### Brief
Reading the records below, how many lines contain "Century"? Respond with a number and nothing else.

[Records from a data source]
******

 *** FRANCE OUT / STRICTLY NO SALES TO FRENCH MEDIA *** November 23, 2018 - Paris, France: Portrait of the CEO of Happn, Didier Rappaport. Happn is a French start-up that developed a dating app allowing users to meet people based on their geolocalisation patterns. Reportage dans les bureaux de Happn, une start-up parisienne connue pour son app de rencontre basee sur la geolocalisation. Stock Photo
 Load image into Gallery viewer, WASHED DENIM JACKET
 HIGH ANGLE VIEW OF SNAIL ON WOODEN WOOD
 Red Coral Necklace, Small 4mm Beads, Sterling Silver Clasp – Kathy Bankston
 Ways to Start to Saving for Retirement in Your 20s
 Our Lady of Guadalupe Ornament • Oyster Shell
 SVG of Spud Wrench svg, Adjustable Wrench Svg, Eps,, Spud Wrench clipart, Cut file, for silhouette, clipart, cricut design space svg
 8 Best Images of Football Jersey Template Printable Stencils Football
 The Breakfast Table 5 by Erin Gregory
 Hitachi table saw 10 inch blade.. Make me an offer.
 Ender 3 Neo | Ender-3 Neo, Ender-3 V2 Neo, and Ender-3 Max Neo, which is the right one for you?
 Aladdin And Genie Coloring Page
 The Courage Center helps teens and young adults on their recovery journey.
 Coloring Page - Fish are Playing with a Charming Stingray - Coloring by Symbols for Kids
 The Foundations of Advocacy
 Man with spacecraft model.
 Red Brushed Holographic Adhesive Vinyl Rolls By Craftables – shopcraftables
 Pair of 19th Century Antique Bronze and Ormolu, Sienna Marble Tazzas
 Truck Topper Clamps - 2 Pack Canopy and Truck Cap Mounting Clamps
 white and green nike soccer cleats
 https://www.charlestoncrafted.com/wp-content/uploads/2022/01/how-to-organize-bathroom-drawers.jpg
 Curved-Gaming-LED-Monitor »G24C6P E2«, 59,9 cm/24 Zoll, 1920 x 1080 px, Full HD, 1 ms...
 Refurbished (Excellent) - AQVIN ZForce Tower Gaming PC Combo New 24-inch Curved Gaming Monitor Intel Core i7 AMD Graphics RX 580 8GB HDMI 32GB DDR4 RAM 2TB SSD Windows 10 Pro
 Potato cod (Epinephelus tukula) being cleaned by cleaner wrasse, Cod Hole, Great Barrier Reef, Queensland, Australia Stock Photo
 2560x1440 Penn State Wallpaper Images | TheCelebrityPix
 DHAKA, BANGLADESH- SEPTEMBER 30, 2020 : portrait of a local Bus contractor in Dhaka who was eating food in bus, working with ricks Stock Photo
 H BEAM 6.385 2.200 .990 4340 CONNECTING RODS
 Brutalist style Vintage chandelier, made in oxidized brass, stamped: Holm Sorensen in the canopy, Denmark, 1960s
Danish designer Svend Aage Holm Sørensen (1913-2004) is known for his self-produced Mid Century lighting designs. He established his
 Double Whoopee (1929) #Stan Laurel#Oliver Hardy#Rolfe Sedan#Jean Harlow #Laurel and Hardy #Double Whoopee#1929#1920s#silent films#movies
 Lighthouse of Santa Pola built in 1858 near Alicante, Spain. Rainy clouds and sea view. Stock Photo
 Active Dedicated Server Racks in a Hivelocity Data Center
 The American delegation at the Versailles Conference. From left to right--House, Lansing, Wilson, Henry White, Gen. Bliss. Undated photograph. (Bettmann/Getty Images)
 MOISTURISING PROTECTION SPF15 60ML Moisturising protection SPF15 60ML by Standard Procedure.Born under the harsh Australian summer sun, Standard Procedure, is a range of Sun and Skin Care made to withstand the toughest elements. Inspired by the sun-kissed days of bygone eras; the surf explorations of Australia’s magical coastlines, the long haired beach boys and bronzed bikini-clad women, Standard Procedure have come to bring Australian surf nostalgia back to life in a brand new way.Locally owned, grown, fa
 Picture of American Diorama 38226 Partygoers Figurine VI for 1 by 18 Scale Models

******

### Written response
2